Thanks to her untiring efforts Bajrang Nagar, a settlement of 426 houses near Chandan Nagar, is now completely OD (open defecation) free.
It all began when Basanti was waylaid on a wintry morning when she was returning from a nearby field after answering nature’s call.
“I saw a cyclist coming from the opposite direction. As he passed, he grabbed me from behind. When I struggled to get away the man pulled out a switchblade and demanded that I hand over my jewellery and money,” recalled the mother of four.
Basanti said she pointed out that she didn’t have any money or jewellery. Angered, the man attempted to slash her neck, but the doughty lady grabbed the knife blade with her hands and cried for help.
In the ensuing struggle both Basanti and her attacker fell on the ground. “I grabbed a stone and swung it backwards hitting him either in the face or the eye.” Stunned and injured, the man ran away leaving his bicycle behind.
“The injury from the blade required 10 stitches after which I and some other women lodged a complaint with the police,” said the middle-aged woman.
Although, the attacker was never found (“his face was covered with a handkerchief so I couldn’t identify him”) Basanti couldn’t stop thinking about what had happened.

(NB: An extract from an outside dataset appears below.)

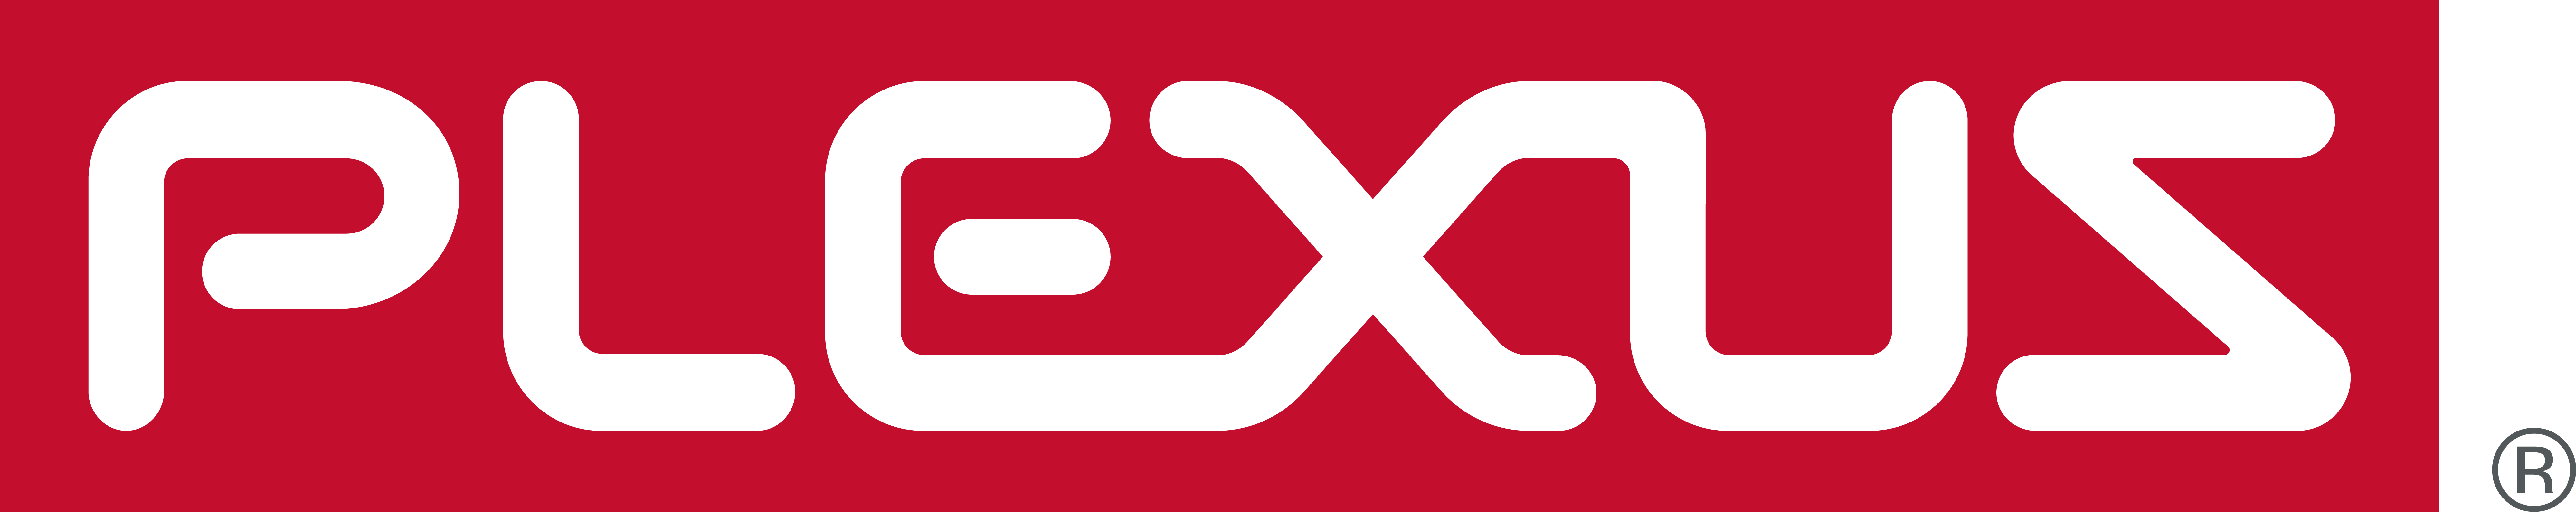 Plexus Corp.

Pointing out that only a handful of houses in her locality, Bajrang Nagar, had toilets, Basanti said that she thought about dangers faced by women who had to go to nearby fields to relieve themselves.
She started motivating fellow residents to build individual toilets at their houses. It was a move that struck an immediate chord.
“There were hardly any houses with toilets. Nearly, all women used to defecate in the open. We had to go to the field in the wee hours or wait until it was dark,” said Prem Bai, another resident of Bajrang Nagar. The attack on Basanti Jodha was another key motivational factor.
The residents received a further jolt when an unknown man, widely believed to be the same person who attacked Basanti, was seen a few days later. “He fled when we chased him,” said Manibai, a worker at a nearby brick kiln.
Meanwhile, Basanti’s efforts began to bear fruits with several of her neighbours getting toilets built in her house. “We organised street plays highlighting the importance of individual toilets,” said Basanti, who works for a Swayashri Mahila Seva Sangh, an all-women group.
Fortuitously, Basanti’s efforts dovetailed with governmental projects to quell open defecation. “Low cost toilets were built first under SESI (Slum Environment & Sanitation Initiative, run by Water Aid, UN-Habitat and the IMC) and later under the first phase of Project Utthaan (an ADB-assisted slum infrastructure development project),” said Sunita who worked with Utthaan. “Today every house has a toilet and Bajrang Nagar is OD free,” she added.
And that, surely will give the unidentified man with the mark something to think about.